BADUNG – Setelah mengamankan belasan remaja trek-trekan di Jalan Gatot Subroto Barat menuju Kebobokan, Kuta Utara, personel Satuan Lantas Polres Badung tetap meningkatkan patroli di kawasan yang selama ini dipakai ajang balap liar.
Kasat Lantas Polres Badung AKP Aan Saputra mengaku geram dengan ulah pembalap liar karena cukup meresahkan masyarakat. “Saya pastikan menahan sepeda motor minimal dua bulan. Jika motornya modif atau tak sesuai standar pabrikan apalagi tanpa surat-surat, akan saya proses lebih lama lagi,” tegas Aan Saputra, Selasa 24 Agustus 2021.

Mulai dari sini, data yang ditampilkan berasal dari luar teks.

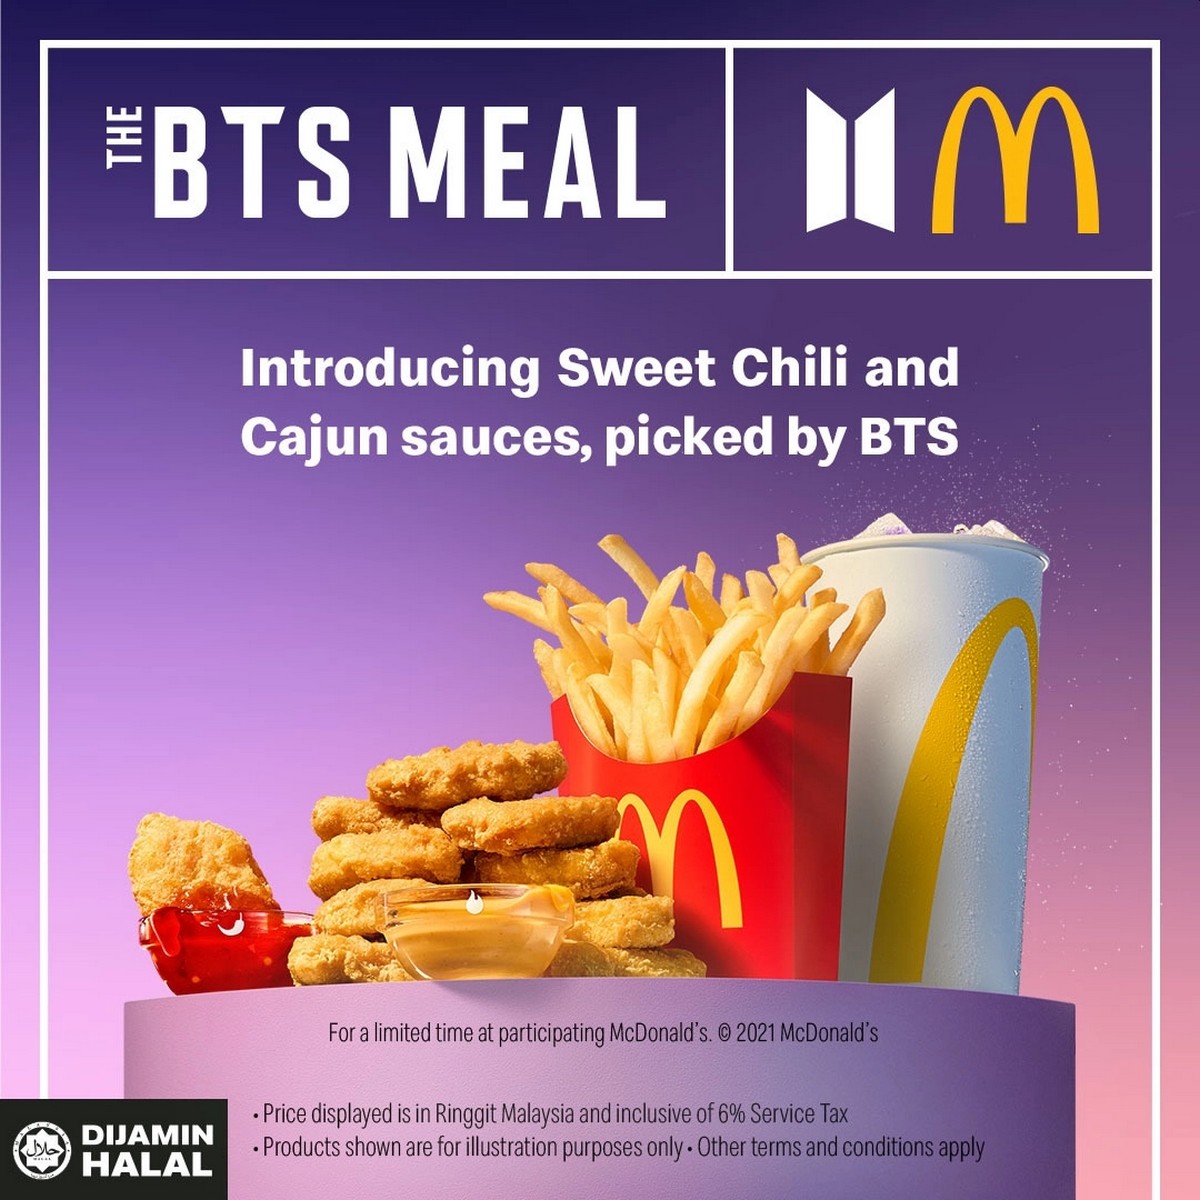 210526-McDonalds-Malaysia-BTS-meal - LifeStyle

Mantan Kanit Reskrim Polsek Kuta ini mengakui para remaja yang melakukan trek-trekan sangat lihai menghindari petugas dan selalu pindah-pindah lokasi. “Mereka itu memiliki mata-mata dan grup WhatsApp. Pernah mau digerebek, ternyata kedatangan kami diketahui dan mereka langsung bubar. Memang ada seseorang dari mereka yang ditugaskan mengawasi kedatangan petugas dari jauh,” ungkapnya. (dum)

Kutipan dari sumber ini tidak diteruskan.